Data shown ▸

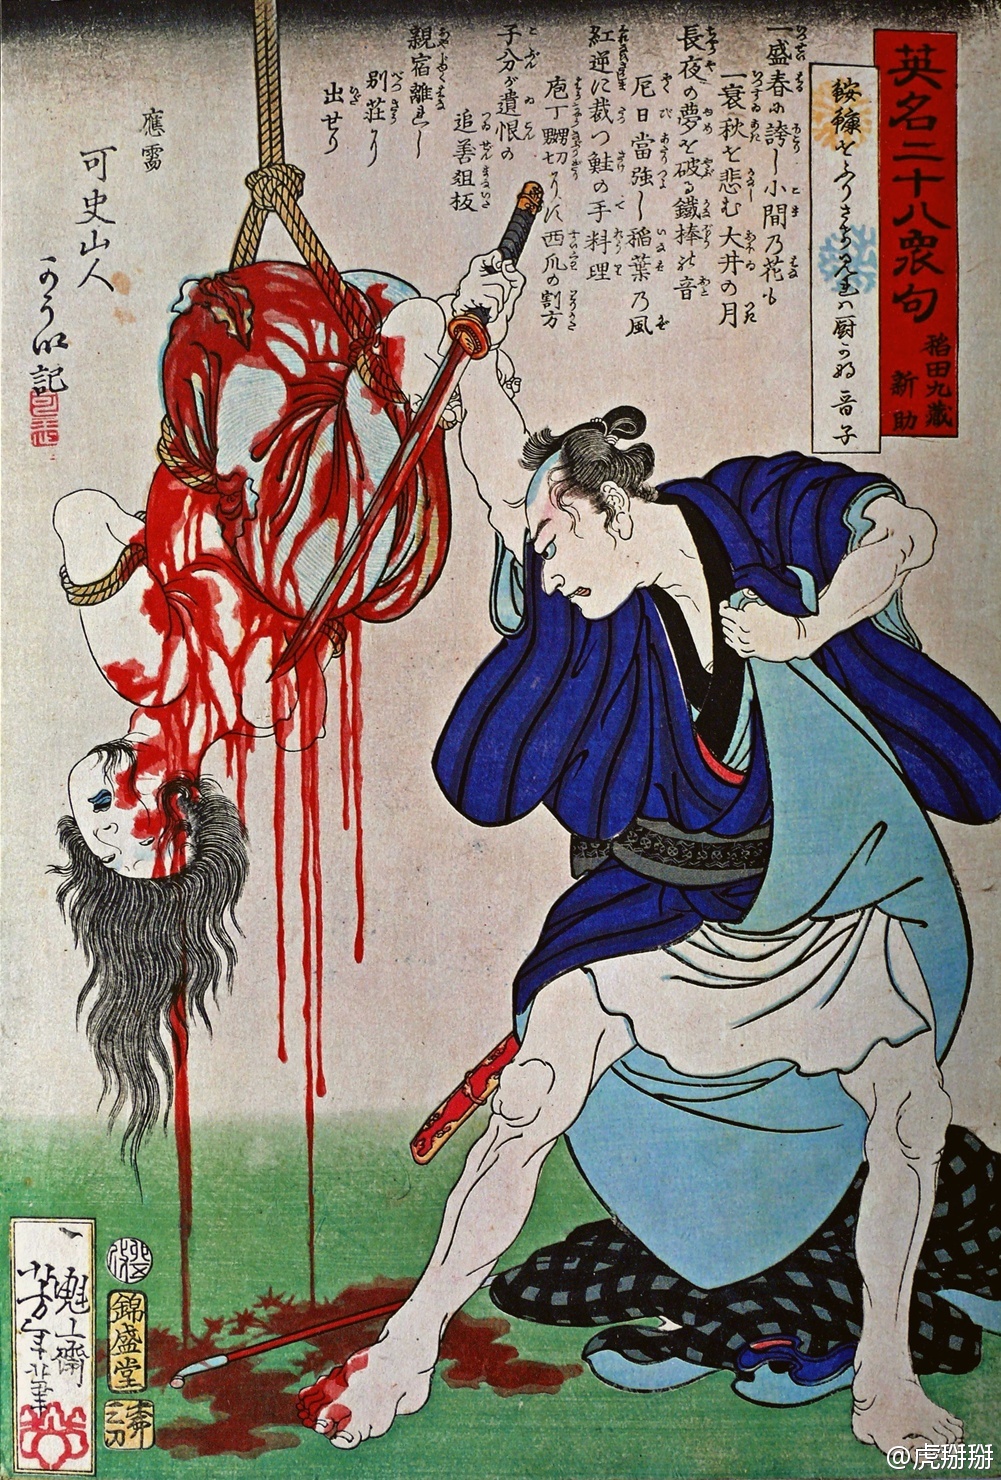 「英名二十八衆句　稲田九蔵新助」。月岡芳年， 慶応３年（1867年）。
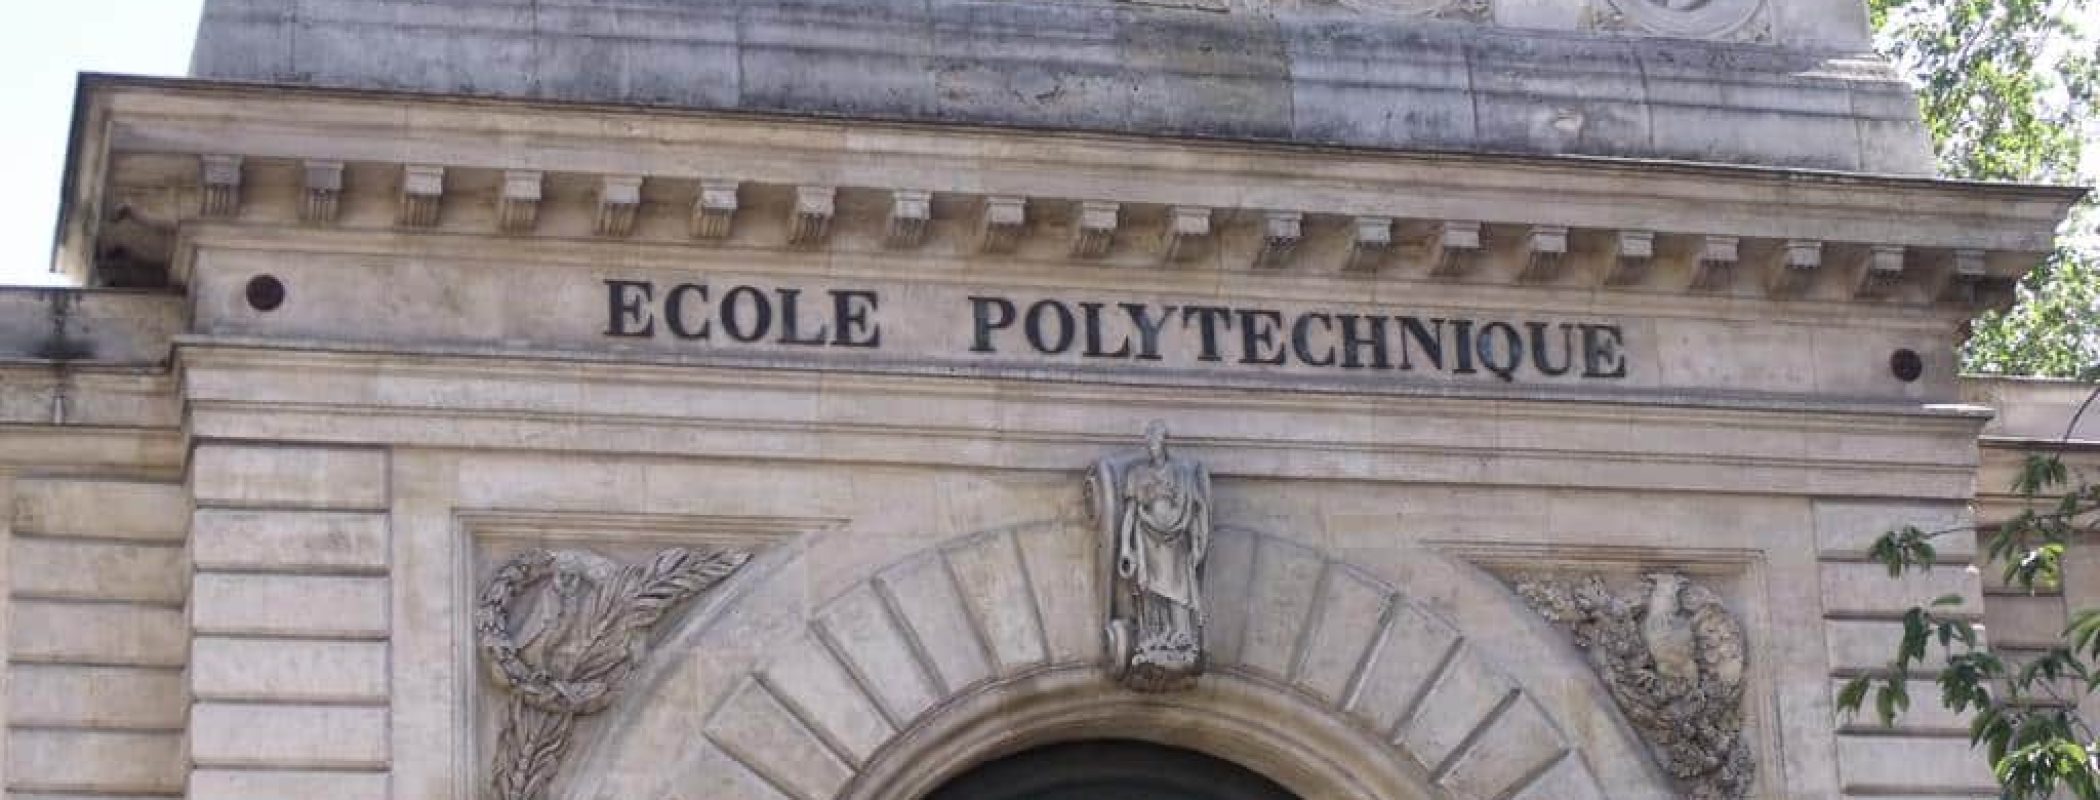 ecole-polytechnique
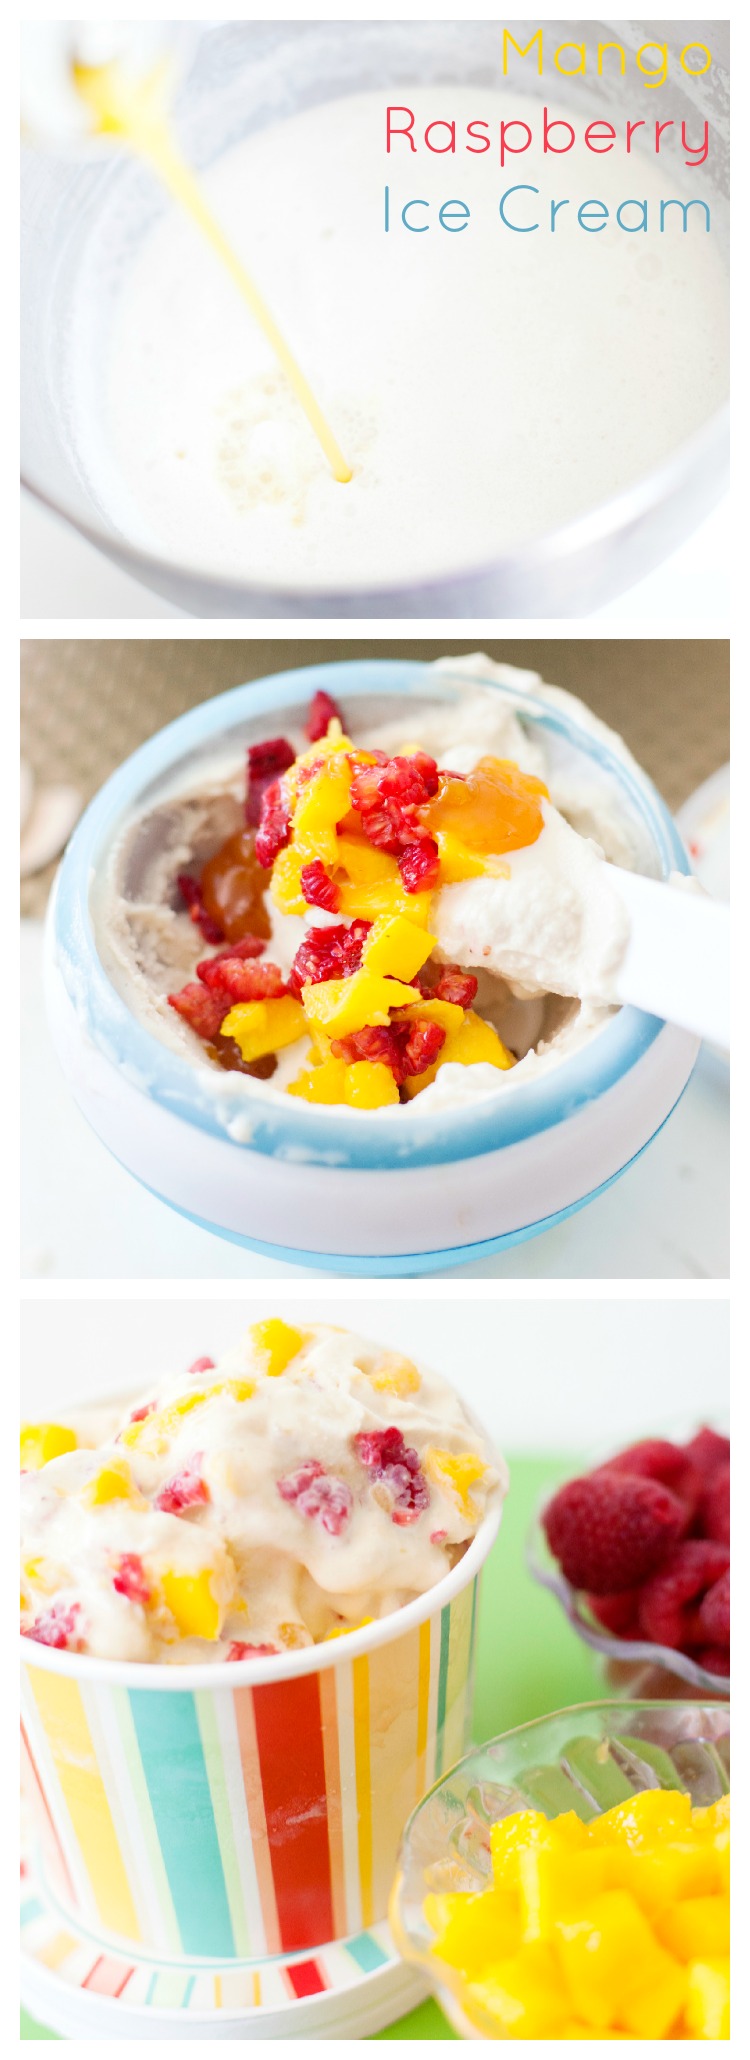 mango ice cream with raspberries

Problem details ▸ Transcribe everything above exactly. Do not include the pictures.

Solved exercise ▸
 「英名二十八衆句　稲田九蔵新助」。月岡芳年， 慶応３年（1867年）。
 ecole-polytechnique
 mango ice cream with raspberries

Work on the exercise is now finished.